Consider our neighbor Cuba off the shore of Key West. When conservatives criticize Castro’s (permanent) revolutionary regime by noting the utter lack of civil rights and liberties, sympathetic defenders leap forth to proclaim that civil rights aren’t everything. The Cubans, they say, have economic rights. For example, they have socialized medicine. But readers, the defenders of the Cuban travesty have confused economic rights for economic dependency. Private property is an economic right. The fruit of one’s labors is an economic right. Having the government give things to you is more like a voluntary addiction. The Cubans have their healthcare, but they live in a nation where forward progress nearly came to a halt in the 1960s and they have no voice. They are dependent on a government that acts like a bad boyfriend, sometimes kind but more often abusive.
Is it unfair or extreme to bring up the example of Cuba? We are, of course, so very far from their circumstances. The point is not to provoke fear, but to promote reflection. Once government begins to control something, it rarely relinquishes that control. If our government increases its role in providing healthcare to citizens, it will limit the freedoms of doctors, pharmacists, patients, hospitals, and others.

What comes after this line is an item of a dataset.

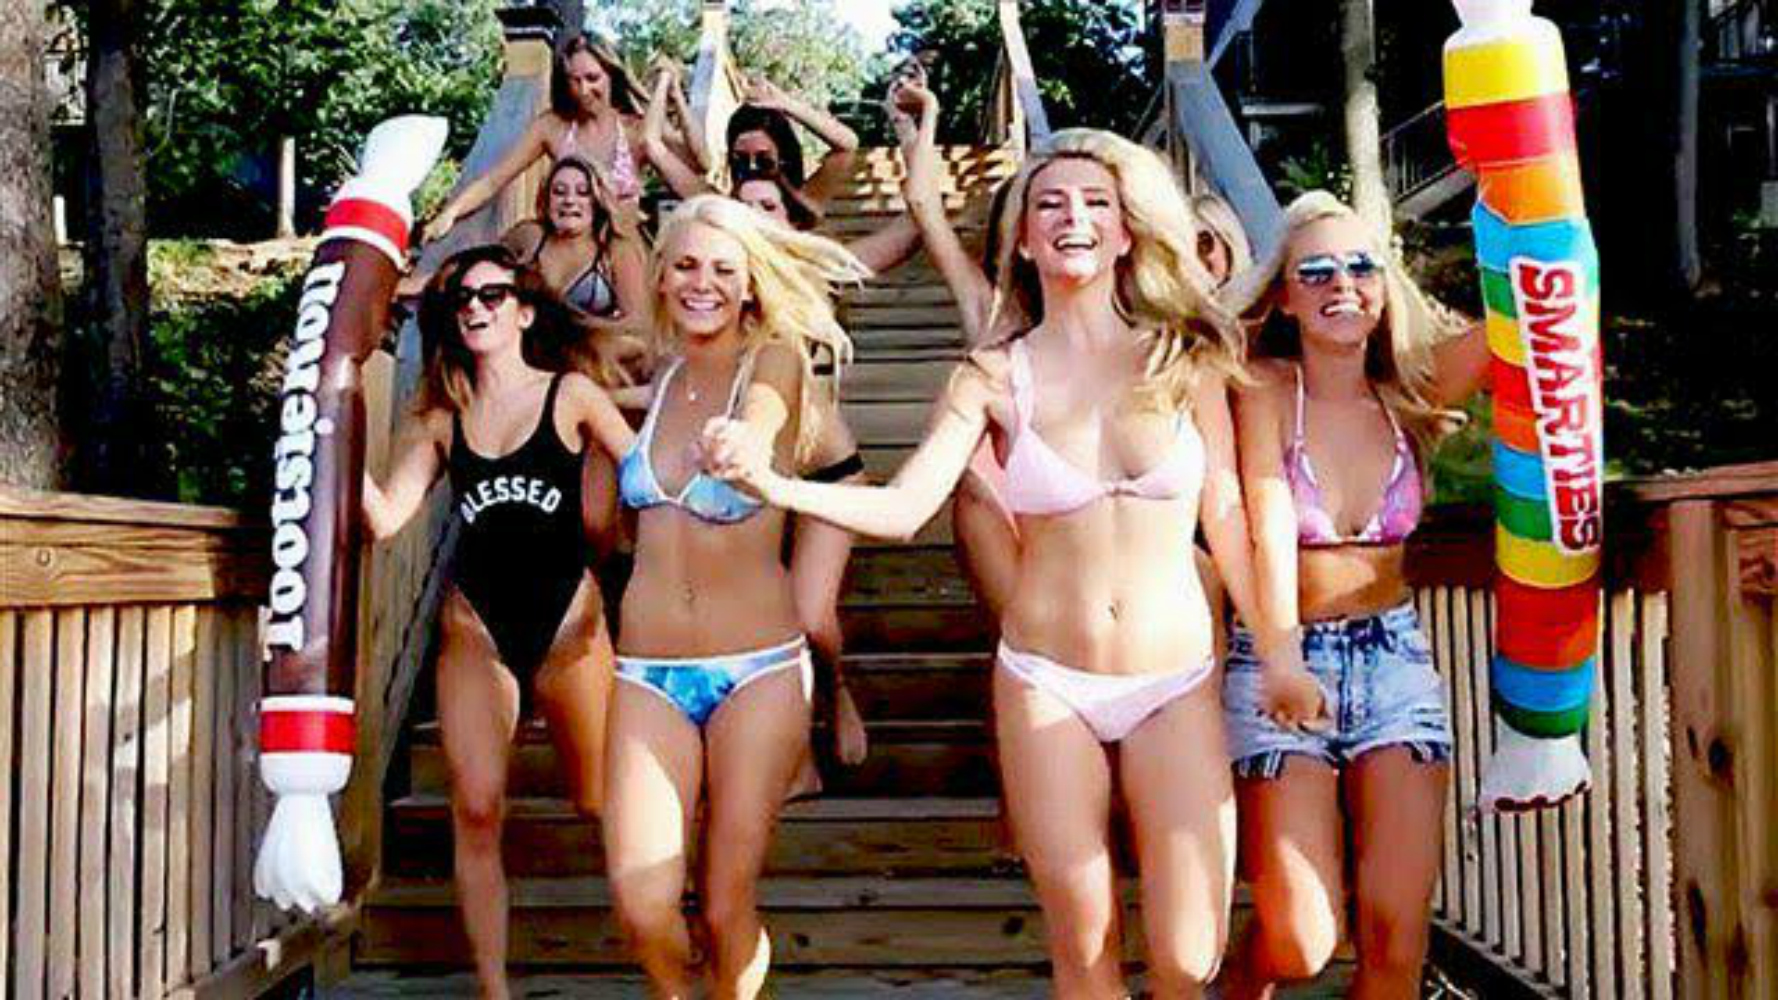 university girls sexy videos naked video pics

 DESCRIBING HEALTH CARE REFORM

Here Fr. Sirico describes “The Parched Wilderness of Socialized Medicine”.

Here his Institute produces a video about “socialized government healthcare”. Are the graphics and the images done in “a dishonest way”? 

Here he says "This 'reform' will create a system that will put bureaucrats in charge of personal health care decisions -- not doctors. It will give the federal government an avenue to nationalize more than 15 percent of the U.S. economy, thus putting bureaucrats and elected officials in the role of manager and regulator -- much as we’ve seen in banking and automobiles."


1 comment:

  1. My problem with Obamacare is more of a type. After all Bureaucrats already are in charge of health care decisions- bureaucrats in private insurance companies. Obamacare just gives those insurance companies more customers by giving them a government-sponsored advertising campaign in response to certain concessions on contracts (the exchanges).

    It would have been more interesting had Obama listened to Catholics talk about solidarity and subsidiarity in health care- and had instead, set up hospitals and clinics on the same model as the public school system- paid for by property taxes and owned by the locals who used them, responsive to an elected board of directors instead of to shareholders.